| Goal of the exercise |
A verbatim repetition of the data below is requested, without images.

(Raw data)

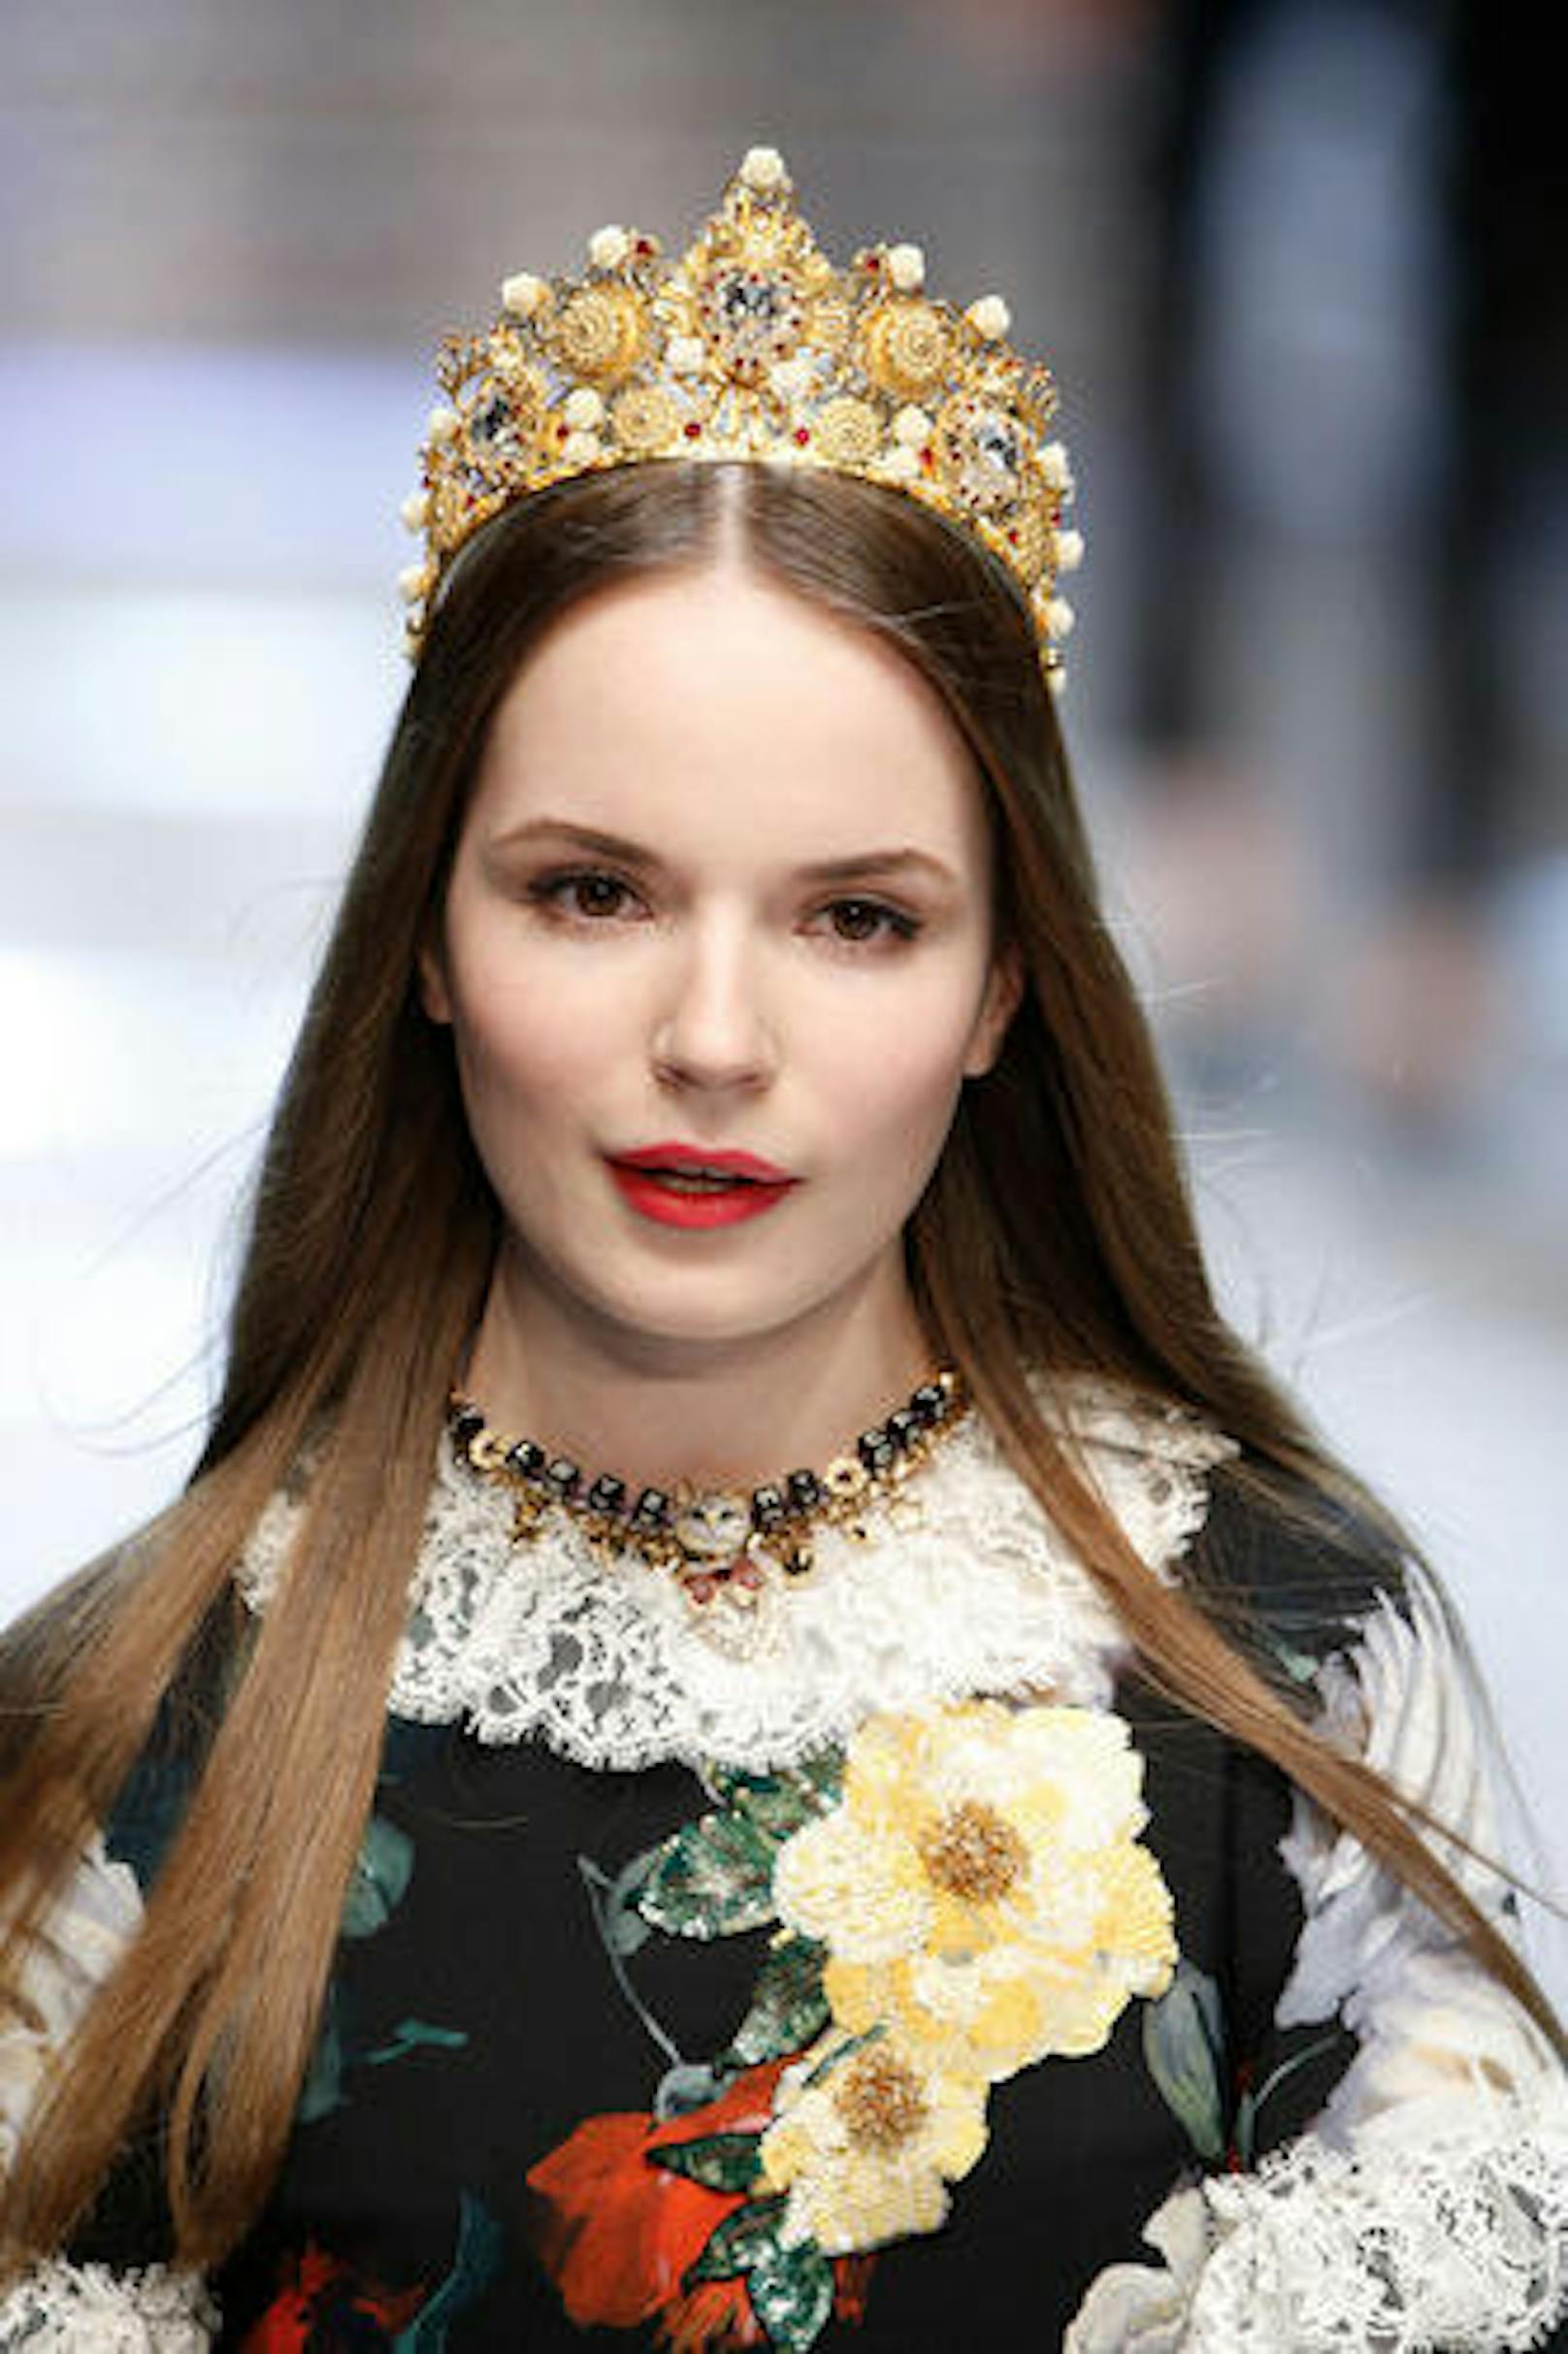 Look von der aktuellen Herbst-Winterkollektion von Dolce & Gabbana
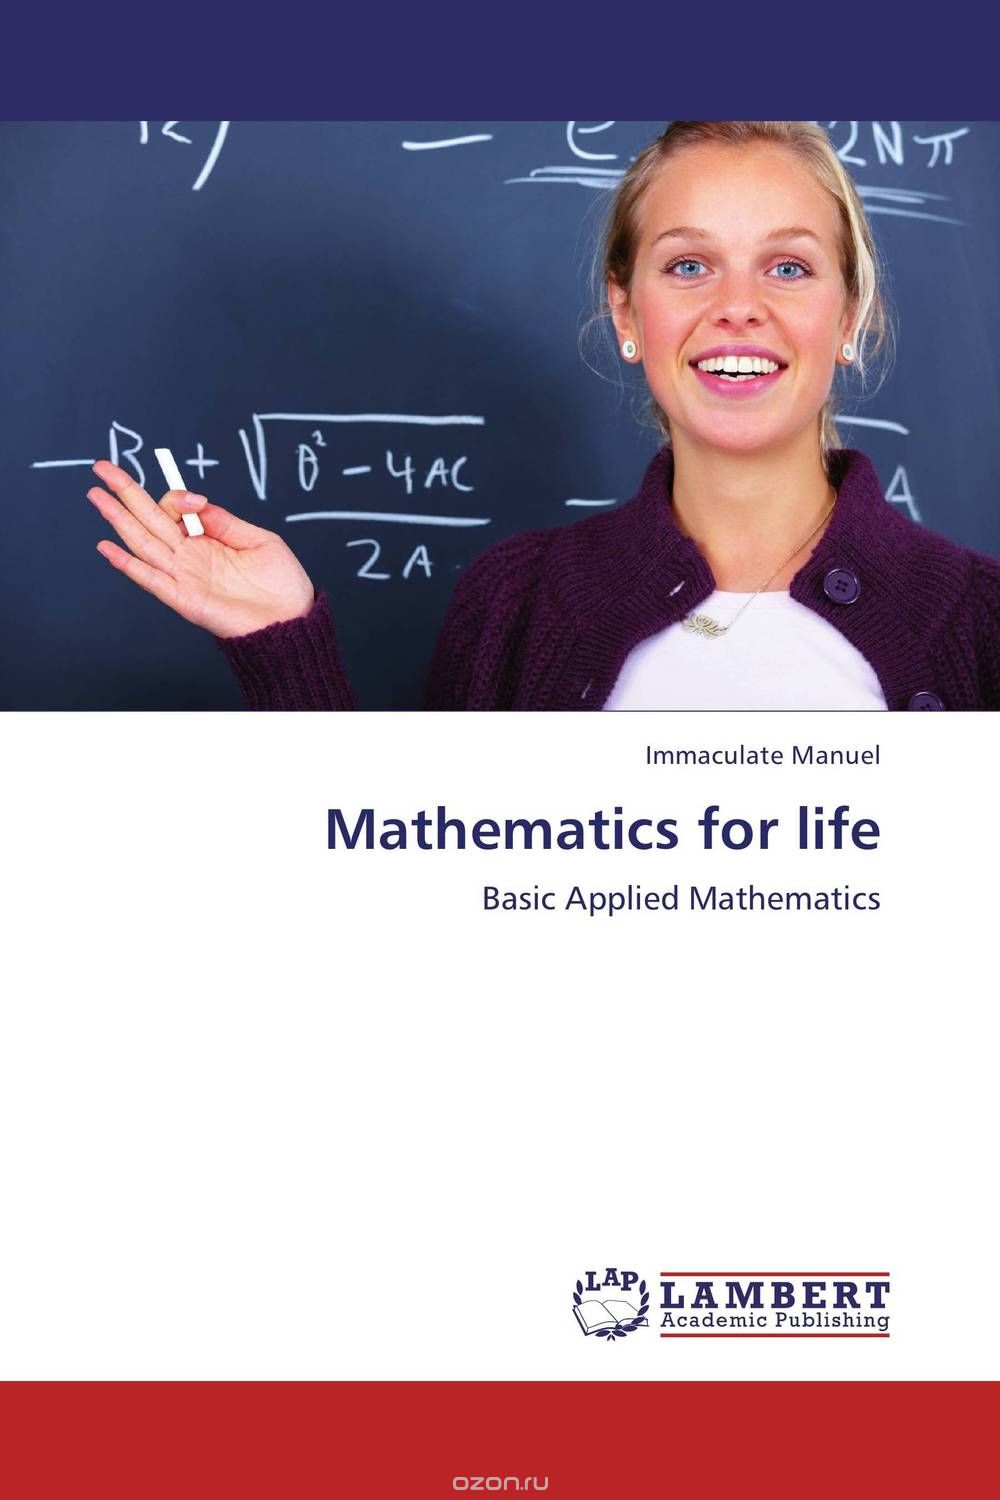 Скачать книгу "Mathematics for life"
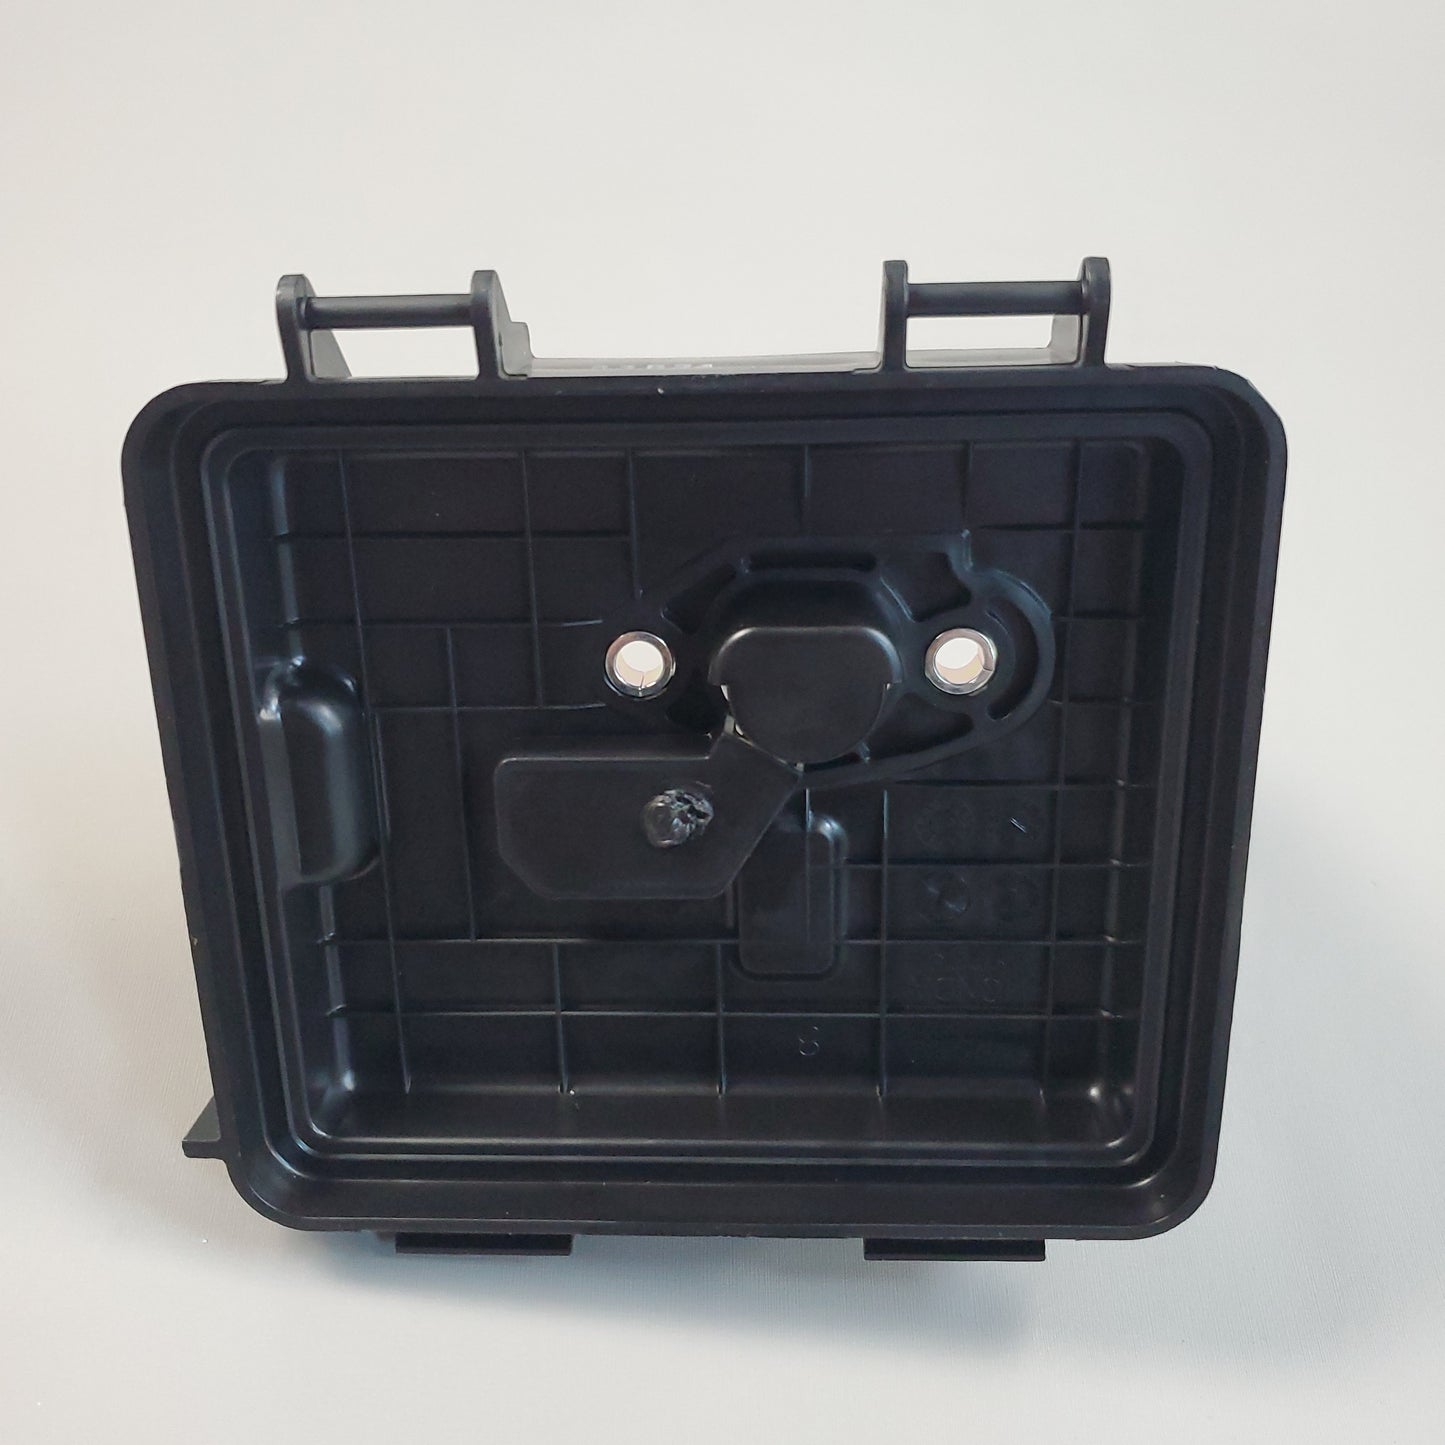 HONDA Air Filter Cover Kit For GCV160 GC135 17220-ZM0-030 (New)

(End Raw data)

| Expected answer |
 Look von der aktuellen Herbst-Winterkollektion von Dolce & Gabbana
 Скачать книгу "Mathematics for life"
 HONDA Air Filter Cover Kit For GCV160 GC135 17220-ZM0-030 (New)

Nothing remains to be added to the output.